A Crónica de Um suicídio
13.
E a
cidade acolheu-o em plena adolescência. Com uma mala semivazia na mão e um
caderno garatujado de poemas.
Não
tinha lembrança de quando começara a escrever.
Nem o
que fizera com que a escrita se transformasse rapidamente no centro da sua
vida.
14.
Por
isso quando ela se sentou ao seu lado, na carruagem do comboio naquela noite
álgida, não conseguiu esconder a sua vaidade, nem perante a sua curiosidade
escusar-se a ler-lhe o poema que entretanto esboçara.
15.
Na noite fria
Acendeu-se a alegria
Num perfume
Que passou a correr-me nas veias.
16.
Sorriram.
E deram então conta de que a carruagem estava afinal vazia, de todos quantos se
tinham entretanto apeado.
E
mais sorriram quando se aperceberam de que estavam prestes a descer na mesma
estação.
O
que, mais do que uma coincidência, só podia significar que o universo lhes
destinava mais do que aquele simples e primeiro encontro…
17.
Deitados
sobre a erva macia, ambos fitam o céu de mãos dadas.
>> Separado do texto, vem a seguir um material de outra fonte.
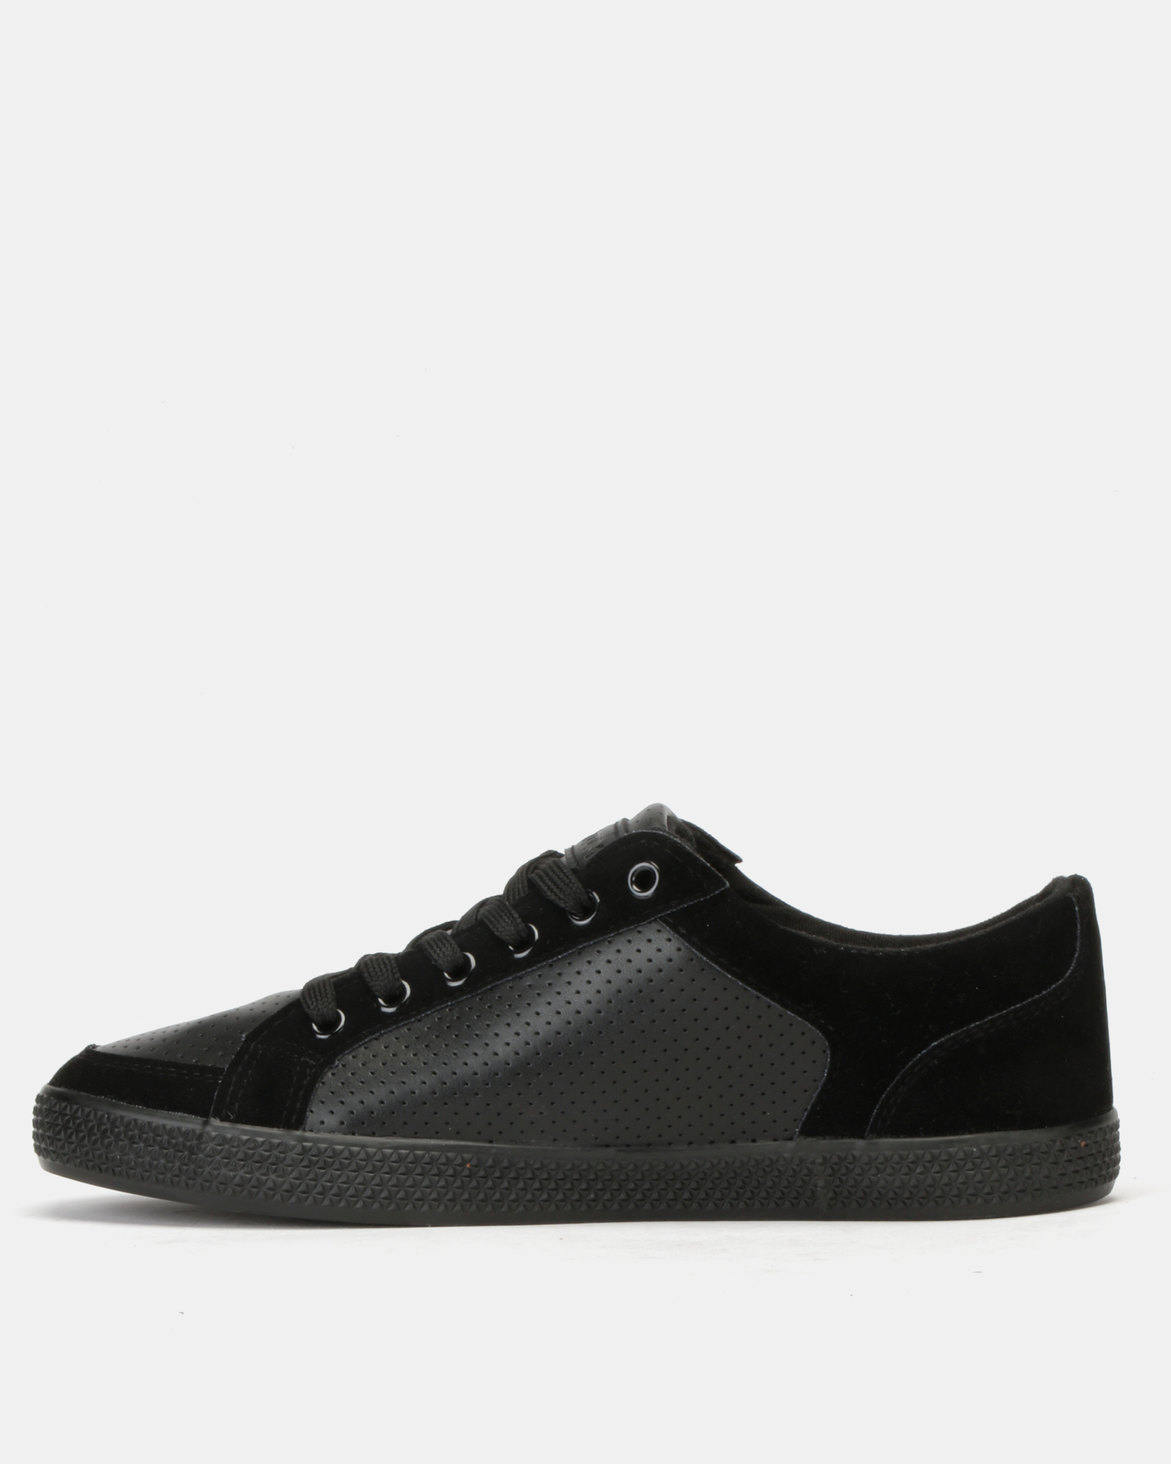 TOMTOM Source Sneakers Black | Zando

Estão tão apaixonados que
no céu há mais do que nuvens e do que aves: há elefantes, girafas e
rinocerontes. O céu é a terra dos seus sonhos.
Estreitado
nos dedos que se entrecruzam, depois dos beijos dados e das carícias e da
invenção do mundo dos desejos saciados.
Que
se renovam.
Como
se não houvesse um fim para mais nada.
18.
Isabel
é um poema constante na sua cabeça. É sobre ela que escreve tudo quanto
respira. Tudo se transforma nela e nela tudo é belo.
Até
as coisas mais ignóbeis.
Como
a fome do mundo.
As
guerras que se travam num outro continente.
Os
vivos que morrem da incúria e do desleixo. Como se fossem coisas e não gente
que sente, que sonha e que ama.
O
amor é o melhor do mundo!
O
amor é o pão e o vinho que alguém quis que fosse corpo sagrado.
Transformado
em religião.
19.
Enquanto
o avô foi vivo, acompanhava-o com a avó à missa. A igreja da aldeia, pintada de
azuis e de dourados era um local mágico, onde as palavras ganhavam vida na sua
imaginação…
Havia
um homem na terra, de barbas e coração manso, que curava todas as feridas e
prometia a vida eterna.
Mas o
avô e a avó e a mãe tinham morrido.
Sem
nenhuma esperança de ressurreição.
Sem
que nenhum terceiro dia os tivesse ressuscitado.
20.
Quantas
mais mentiras haveria disfarçadas de verdades?